Interfacial layers from the protein HFBII hydrophobin: Dynamic surface tension, dilatational elasticity and relaxation times

The pendant-drop method (with drop-shape analysis) and Langmuir trough are applied to investigate the characteristic relaxation times and elasticity of interfacial layers from the protein HFBII hydrophobin. Such layers undergo a transition from fluid to elastic solid films. The transition is detected as an increase in the error of the fit of the pendant-drop profile by means of the Laplace equation of capillarity. The relaxation of surface tension after interfacial expansion follows an exponential-decay law, which indicates adsorption kinetics under barrier control. The experimental data for the relaxation time suggest that the adsorption rate is determined by the balance of two opposing factors: (i) the barrier to detachment of protein molecules from bulk aggregates and (ii) the attraction of the detached molecules by the adsorption layer due to the hydrophobic surface force.
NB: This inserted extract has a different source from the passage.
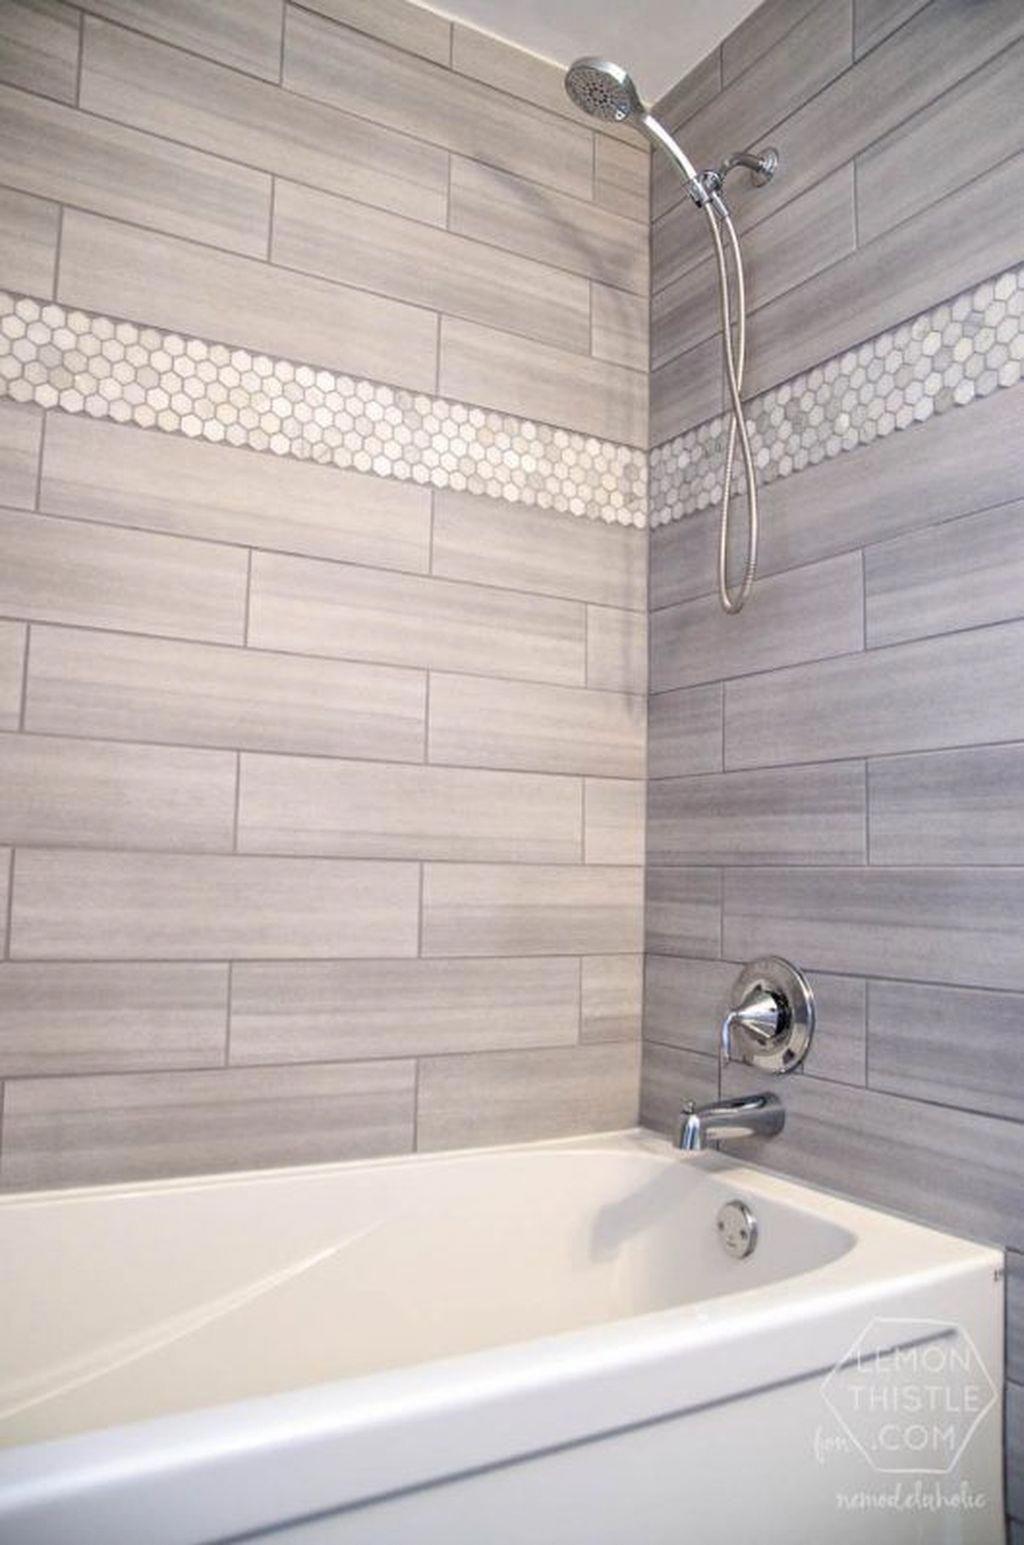 Nice 46 Beautiful Master Bathroom Remodel Design Ideas Bathroomrenovationideas Budget Bathroom Remodel Diy Bathroom Remodel Bathrooms Remodel
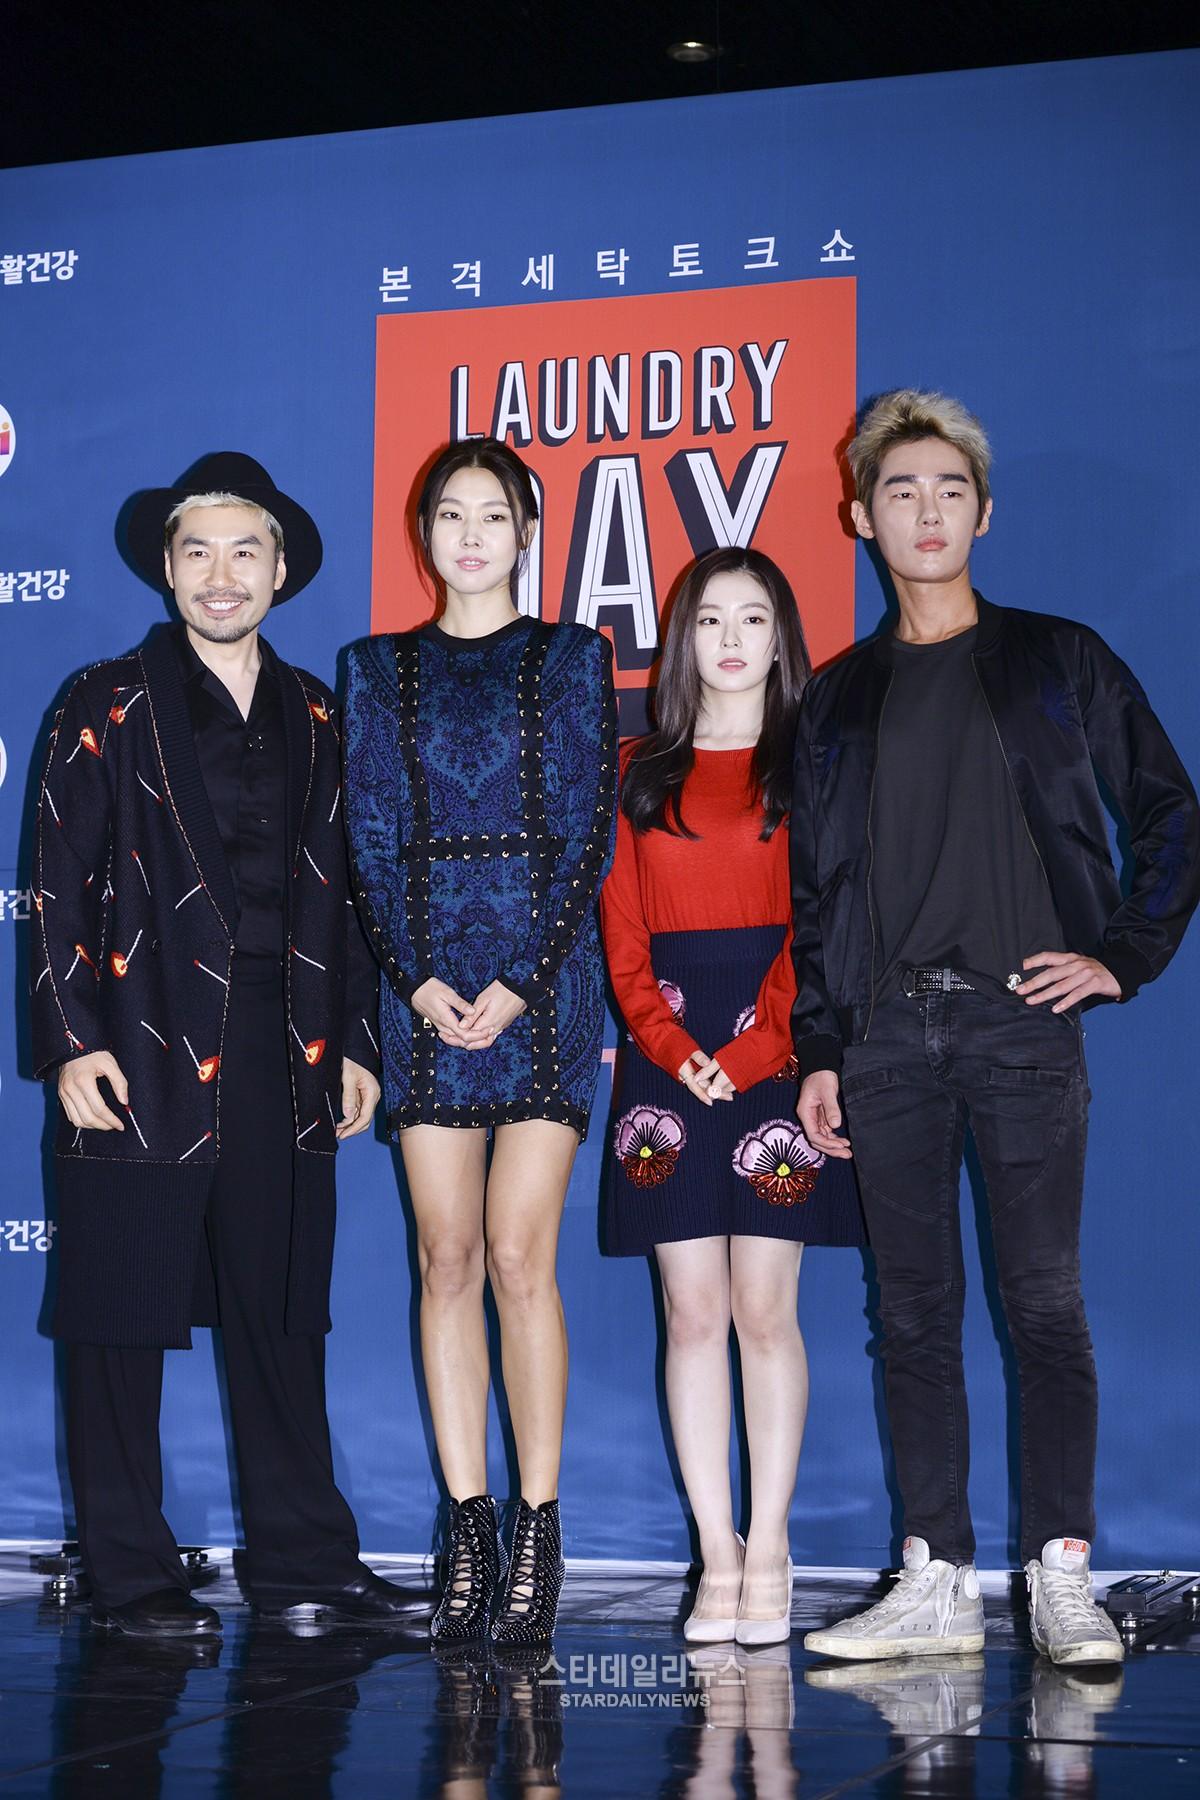 Noh Hong Chul Han Hye Jin Red Velvet Irene Heo Ji Woong

The hydrophobic attraction can explain why a greater surface coverage leads to a faster adsorption. The relaxation of surface tension after interfacial compression follows a different, square-root law. Such behavior can be attributed to surface diffusion of adsorbed protein molecules that are condensing at the periphery of interfacial protein aggregates. The surface dilatational elasticity, E, is determined in experiments on quick expansion or compression of the interfacial protein layers. At lower surface pressures (<11 mN/m) the experiments on expansion, compression and oscillations give close values of E that are increasing with the rise of surface pressure. At higher surface pressures, E exhibits the opposite tendency and the data are scattered. The latter behavior can be explained with a two-dimensional condensation of adsorbed protein molecules at the higher surface pressures. The results could be important for the understanding and control of dynamic processes in foams and emulsions stabilized by hydrophobins, as well as for the modification of solid surfaces by adsorption of such proteins.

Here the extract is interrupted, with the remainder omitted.